Detailed phenotypic analyses showed that mosaic border cell clusters containing clones mutant for either sec3GT or secPBac displayed significant migration delay. In wild-type stage-10 egg chambers, almost all (97%) of the border cell clusters reached the oocyte border, whereas 35% (sec3GT) or 43% (secPBac) of the mutant mosaic border cell clusters failed to reach the border by stage 10 (Fig. 1B,C,F). A significant percentage of these delayed border cell clusters stopped at the starting point of the migration route (Fig. 1F). Furthermore, we found that within the mosaic border cell clusters sec3 mutant cells tended to stay at the lagging end, whereas the heterozygous border cells tended to stay at the leading edge (Fig. 1E,E′,G). By contrast, increasing sec3 expression in a single border cell enabled it to become much more likely to be a leading cell within a cluster (supplementary material Fig.
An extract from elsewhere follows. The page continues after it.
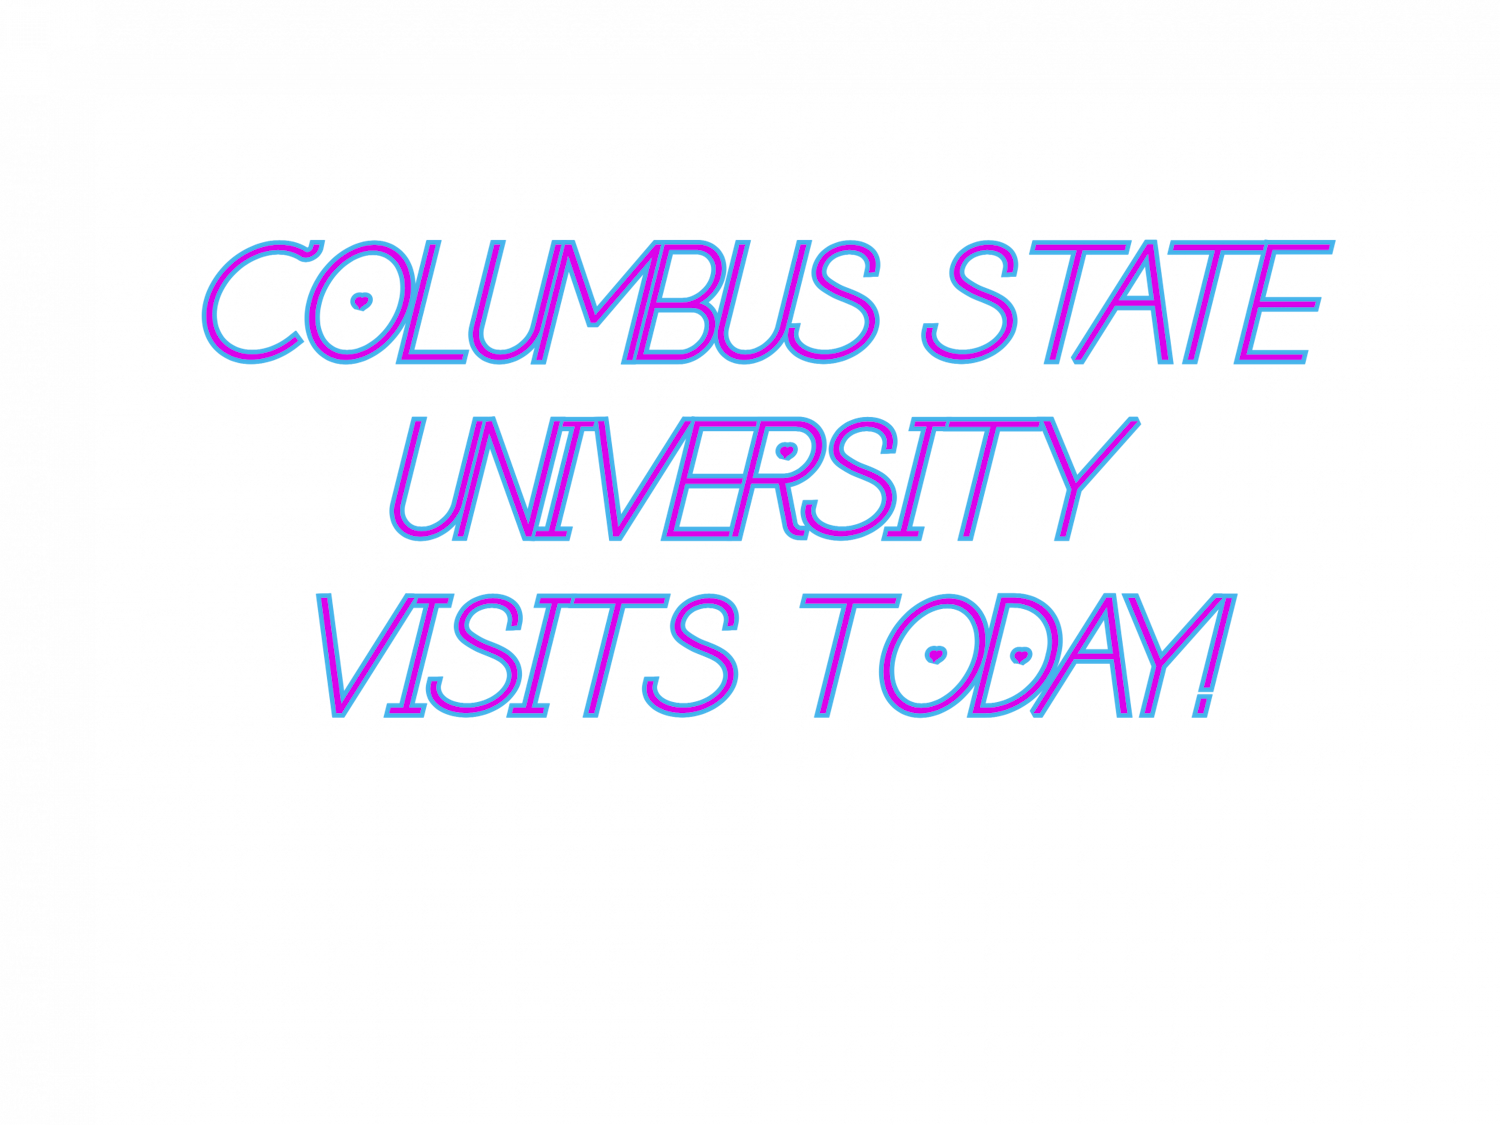 Columbus State Visits.png
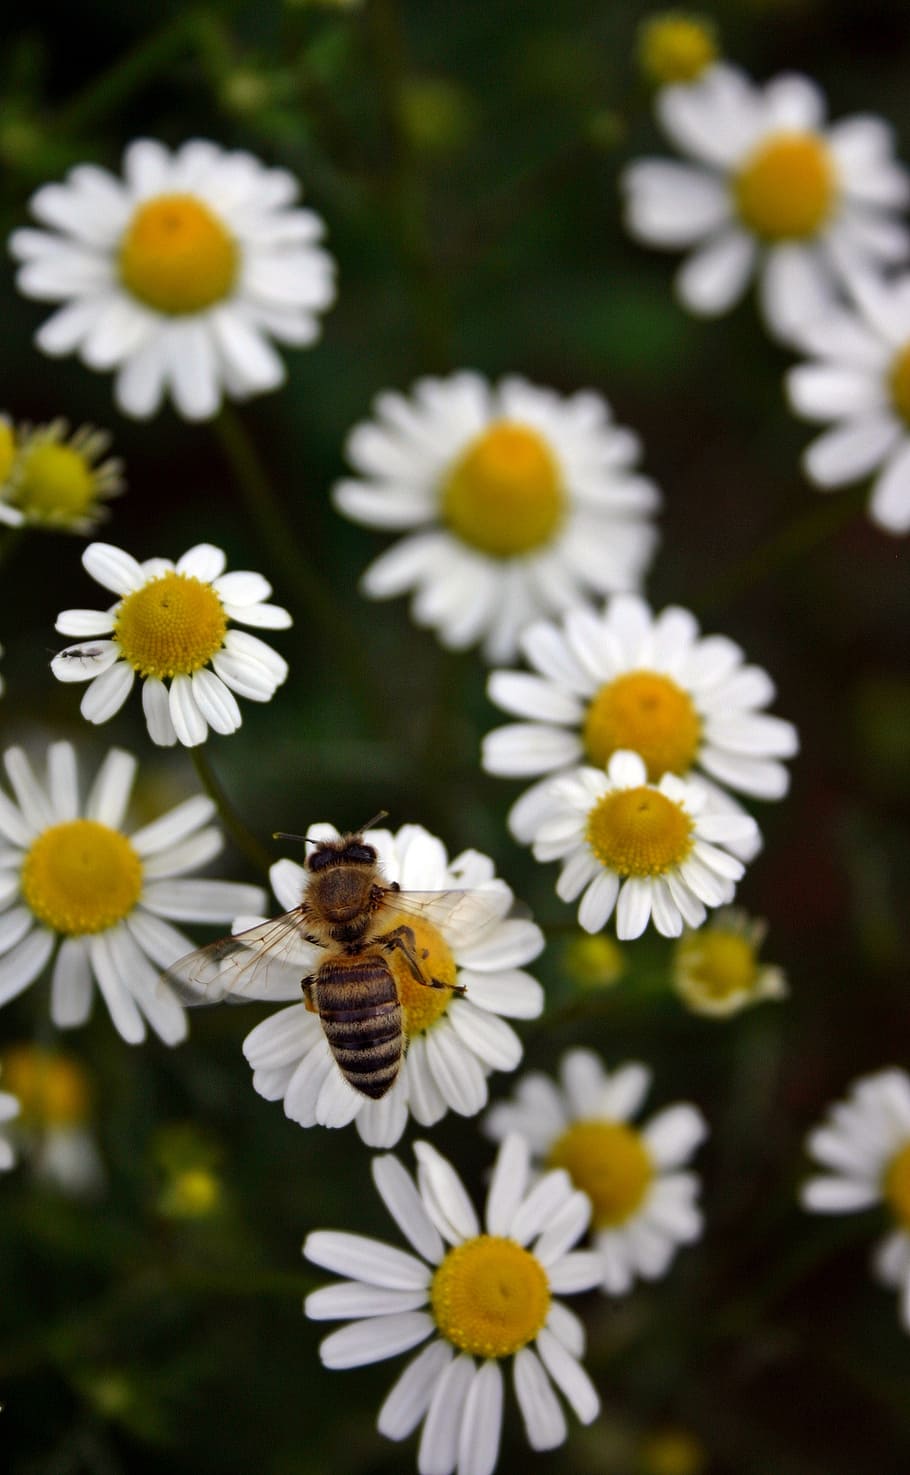 abeja, miel de abeja, polen, insecto, cerrar, flor, florecer, manzanilla, néctar, abeja europea

S2). Together, these data indicate that Sec3 promotes both the collective migration of border cell clusters and the leading ability of individual border cells.

Sec 3 is required for pTyr and F-actin asymmetry

A prominent feature of guided migration of a border cell cluster is the presence of a polarized lamellipodial protrusion that is rich in F-actin and is extended by one or two border cells at the leading edge. Such a polarization of F-actin within the border cell clusters was lost in sec3 mutant or RNAi knockdown clusters, and large lamellipodial protrusions were rarely observed at the leading edge (Fig. 2A-C). This result suggests that the overall front-back polarity of border cell clusters was affected. Indeed, sec3 mutant or RNAi border cell clusters displayed an absence of front-back asymmetry of pTyr staining, which has been validated as a reliable local readout of endogenous RTK activity levels within border cell clusters (Assaker et al., 2010; Jékely et al., 2005). In these clusters, pTyr staining was somewhat uniform, whereas it was strongly enriched at the front of the wild-type border cell cluster (Fig. 2A,B,D). Consistently, recent work had shown that front-back polarity of pTyr staining was similarly disrupted in sec15 RNAi border cells, and RNAi knockdown of sec15 and three other genes encoding some of the subunits (sec5, sec6, sec8) of exocyst complex also displayed migration defects (Assaker et al., 2010). It should be noted that front-back asymmetry of F-actin and pTyr is most prominent during early phase of border cell migration, during later phase this asymmetry is moderate but still significant (supplementary material Fig. S3A′ and Fig. S4B,D), hence the above data have all been collected on clusters initiating migration. Together, these data indicate that Sec3 or the exocyst complex as a whole is required for front-back polarity of RTK signaling and F-actin in border cell clusters.

Fig. 2.

Sec 3 is required for p-Tyr and F-actin asymmetry. (A-A′) A wild-type border cell cluster shows polarized F-actin and pTyr stainings at the front. (B-B′) A sec3-RNAi-expressing (by c306-Gal4) border cell cluster does not have polarized F-actin and pTyr stainings. (C) Quantification of pTyr front-back ratio (n=14): error bars indicate s.e.m. (D-D′) sec3GT mosaic border cell cluster fails to display polarized F-actin staining. (E-E′) A border cell cluster that is entirely mutant for sec3GT (marked by absence of GFP) does not show polarized pTyr staining at the front. F-actin is labeled by rhodamine phalloidin. Scale bar: 5 μm.

Fig. 2.

Sec 3 is required for p-Tyr and F-actin asymmetry. (A-A′) A wild-type border cell cluster shows polarized F-actin and pTyr stainings at the front. (B-B′) A sec3-RNAi-expressing (by c306-Gal4) border cell cluster does not have polarized F-actin and pTyr stainings. (C) Quantification of pTyr front-back ratio (n=14): error bars indicate s.e.m. (D-D′) sec3GT mosaic border cell cluster fails to display polarized F-actin staining. (E-E′) A border cell cluster that is entirely mutant for sec3GT (marked by absence of GFP) does not show polarized pTyr staining at the front. F-actin is labeled by rhodamine phalloidin. Scale bar: 5 μm.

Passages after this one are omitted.